# Configurer SFR sur Mail



## POPCORN (16 Mai 2009)

Bonjour,

Je suis un ancien client télé2 qui a dû migrer sur SFR.
J'ai un problème : je n'arrive pas à configurer mon adresse email SFR avec Mail, uniquement pour le serveur POP de réception.
Pour le serveur d'envoi : ça marche.
Les explications de SFR sont pleines d'imprécisions...
Je vous remercie de votre aide,
Jean-Luc


----------



## ganou4 (17 Mai 2009)

bonjour,

tu peux essayer avec ça http://assistance-neufbox.sfr.fr/sfr/messagerie/messagerie/fichetech.do?id=50682&type=RichDataSheet
Mais toutefois il semblerait qu'il y est des problèmes avec SFR en ce moment mais à vérifier.


----------



## ntx (17 Mai 2009)

Vérifie les paramètres d'authentification : est ce qu'ils sont demandés par SFR ? Est ce qu'ils sont remplis ?


----------



## POPCORN (17 Mai 2009)

Je te remercie pour le lien, mais j'ai fait et refait sans succès.
Pour l'emission sur Mail pas de problème ça fonctionne.
Ca fait 2 mois que j'essaye ça commence à me gonfler !
Je vais les appeler, mais si leur hot line est aussi efficace....


----------



## SirEguam (17 Mai 2009)

Bonjour,
Je suis un ancien client Neuf, j'utilise donc encore le serveur de Neuf pour la réception alors que les anciens clients télé2 sont migrés vers SFR.
Etant relativement novice sous Mac, j'ai eu quelques ratés au paramétrage de Mail.
Par contre, je te conseille d'utiliser IMAP plutôt que POP car il permet de créer des dossiers pour ranger ses messages sur le serveur et de conserver sue le serveur les messages de la boîte de réception, ce qui est pratique pour les retrouver depuis le webmail.
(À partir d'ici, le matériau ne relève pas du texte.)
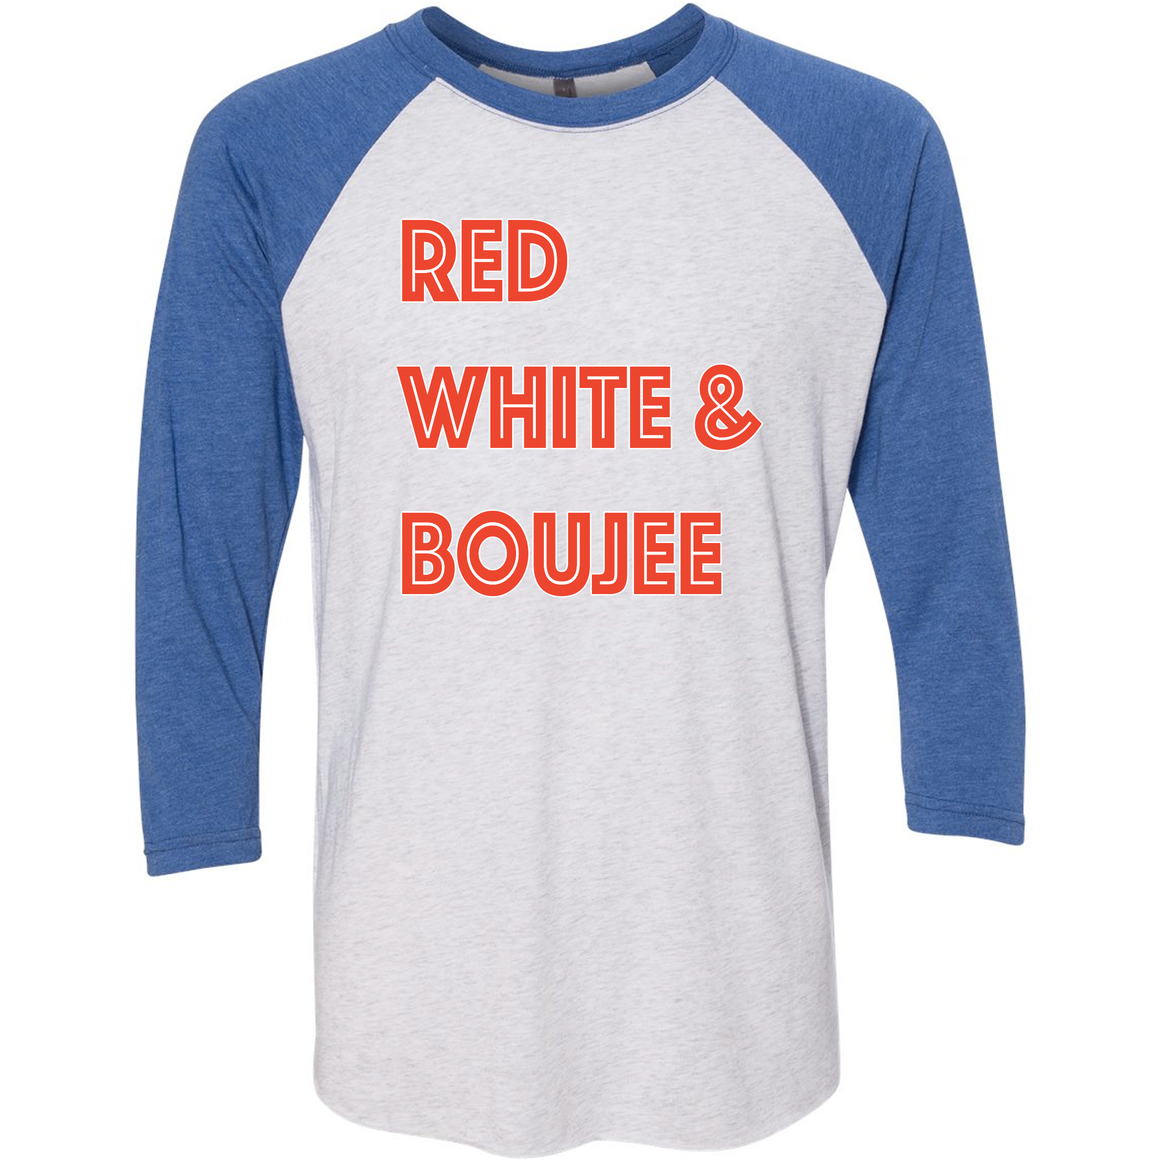 Triblend Red, White, and Boujee Unisex 3/4 Sleeve Baseball Tee
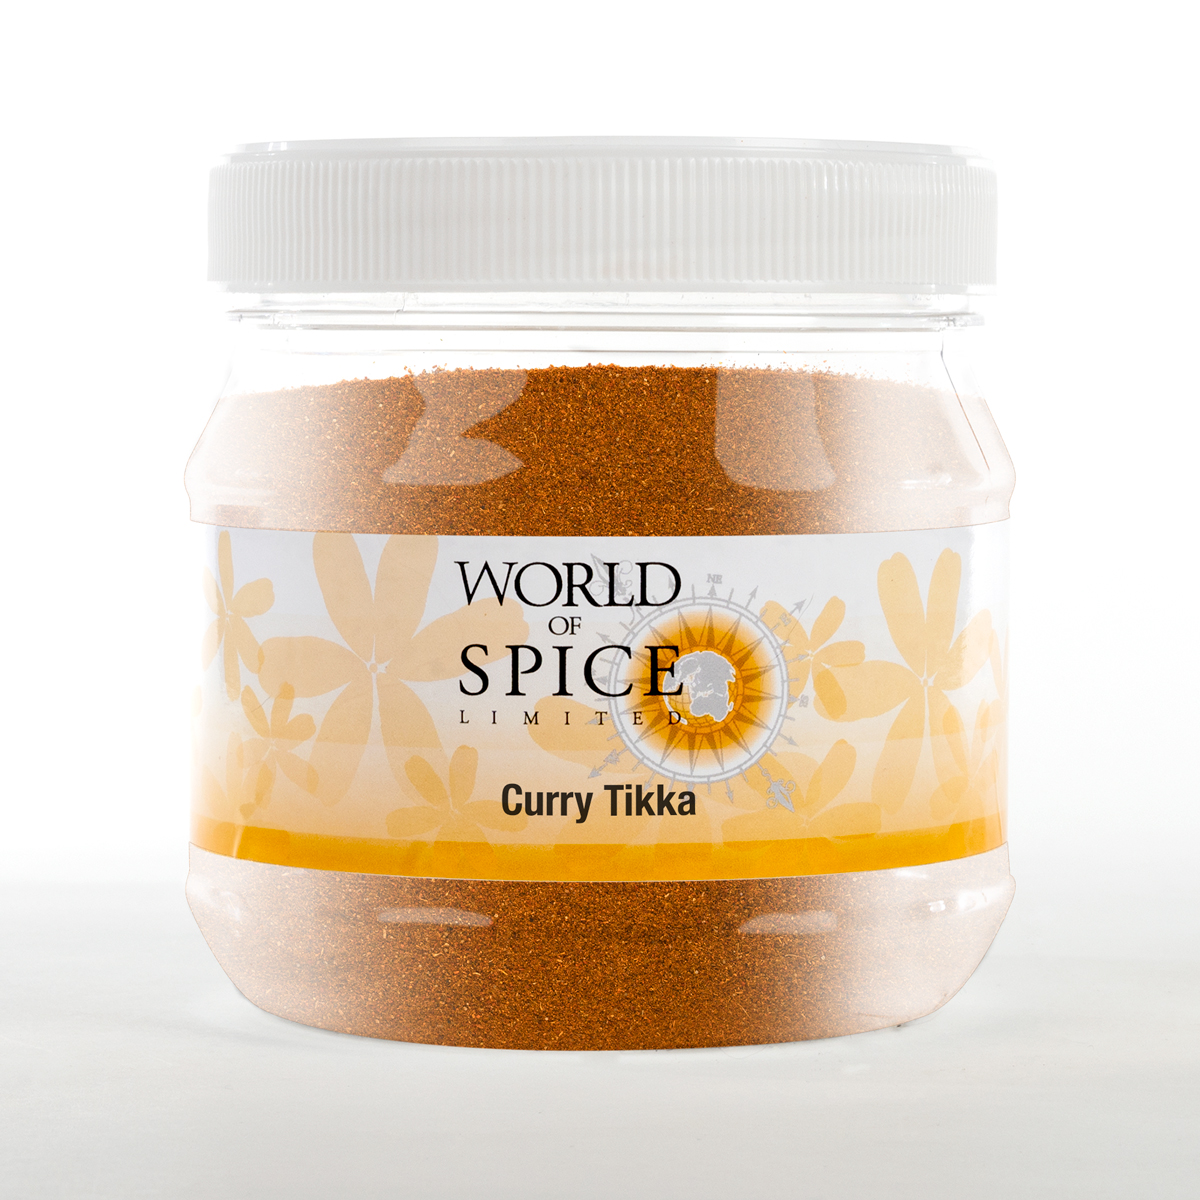 Spice Supplies UK - Tub of Curry Tikka

Voici les points qu'il faut impérativement vérifier pour la configuration de mail :
- le nom d'utilisateur doit être de la forme "monadresse@sfr.fr" (dans l'onglet "Informations du compte" de l'écran "Comptes" des "Préférences")
- le serveur imap doit être "imap.sfr.fr" (dans mon cas "imap.neuf.fr en tant qu'ancien client 9)
- il faut vérifier que l'option cryptage ssl n'est pas cochée (dans l'onglet "Avancé" de l'écran "Comptes" des "Préférences") et que le port est bien 143.
Voila, j'espère que ça pourra t'aider.


----------



## POPCORN (18 Mai 2009)

Bonjour,
Je te remercie de ta réponse, j'ai essayé, pareil....
L'assistance technique de SFR, le gars est sympa, mais il n'y arrive pas plus que moi, changement de mot de passe, examen de tout ce qui peut merder, rien.
Finalement, il me dit que mail c'est pas terrible, chargez "thunderbird", je fais, résultat : ça marche pas non plus, grrrr !
Avec télé2 ça marchait impec !!!
Et maintenant que vais-je faire... ben je sais pas.
Jean-Luc


----------



## ntx (18 Mai 2009)

Ce n'est pas un problème de logiciel (et Mail est très bien, je pense que ton interlocuteur ne sait même pas quoi il s'agit) c'est un problème de paramétrage et de FAI qui ne te donne pas toutes les informations.
Ceci dit tu as deux solutions :
1/ tu menaces de résilier ton abonnement s'ils ne sont pas capables de te dire comment accéder à ton mail
2/ tu ouvres un compte chez un autre fournisseur; c'est ce que j'ai fait en me disant qu'il valait mieux décoreller service de messagerie et FAI, vu que ton FAI tu risques de le quitter un jour.


----------



## POPCORN (24 Mai 2009)

Bonjour,
Ca y est, Mail recoit mes emails.
Il y a une manip non indiquée par la hot line :
Dans la messagerie SFR, aller dans boite de réception
Param^tres
Email
Transfert et POP3
Cocher le protocole POP des messages
Mote de passe POP
Confirmation
valider

Retourner dans Mail et voilà,
Jean-Luc


----------



## POPCORN (6 Juin 2009)

Bien, SFR, ça a marché 15 jours, et depuis hier je ne peux à nouveau plus lire mes messages depuis Mail.
Je n'ai rien modifié, crac, c'est venu d'un coup " avant d'être mort, il était bien vivant"
A suivre,
Jean-Luc


----------



## alberto o (18 Juin 2009)

J'ai le même problème avec SFR et mail. Avec Tele 2 parfait, maintenant avec SFR rien ne marche !! Moi, comme toi, nous n avons rien demandé. Nous avons payé et payons pour un service qui maintenant n'est plus là. Leur Hotline, ils ne connaissent rien au Mac ! Je n'arrive même plus à avoir acces à la messagerie sur internet !
Evidemment ils se doivent de faire quelque chose pour nous aider ou nous rembourser du préjudice. Nous sommes plusieurs dans ce cas (j'ai vu d'autres discussions sur ce même sujet) !!!
Demain je les appelle à nouveau au 1077, mais cette fois-ci j'enregistre la conversation et je demande à parler à un responsable.


Ciao


----------



## SulliX (20 Juin 2009)

C'est le gros, gros bordel la migration vers SFR...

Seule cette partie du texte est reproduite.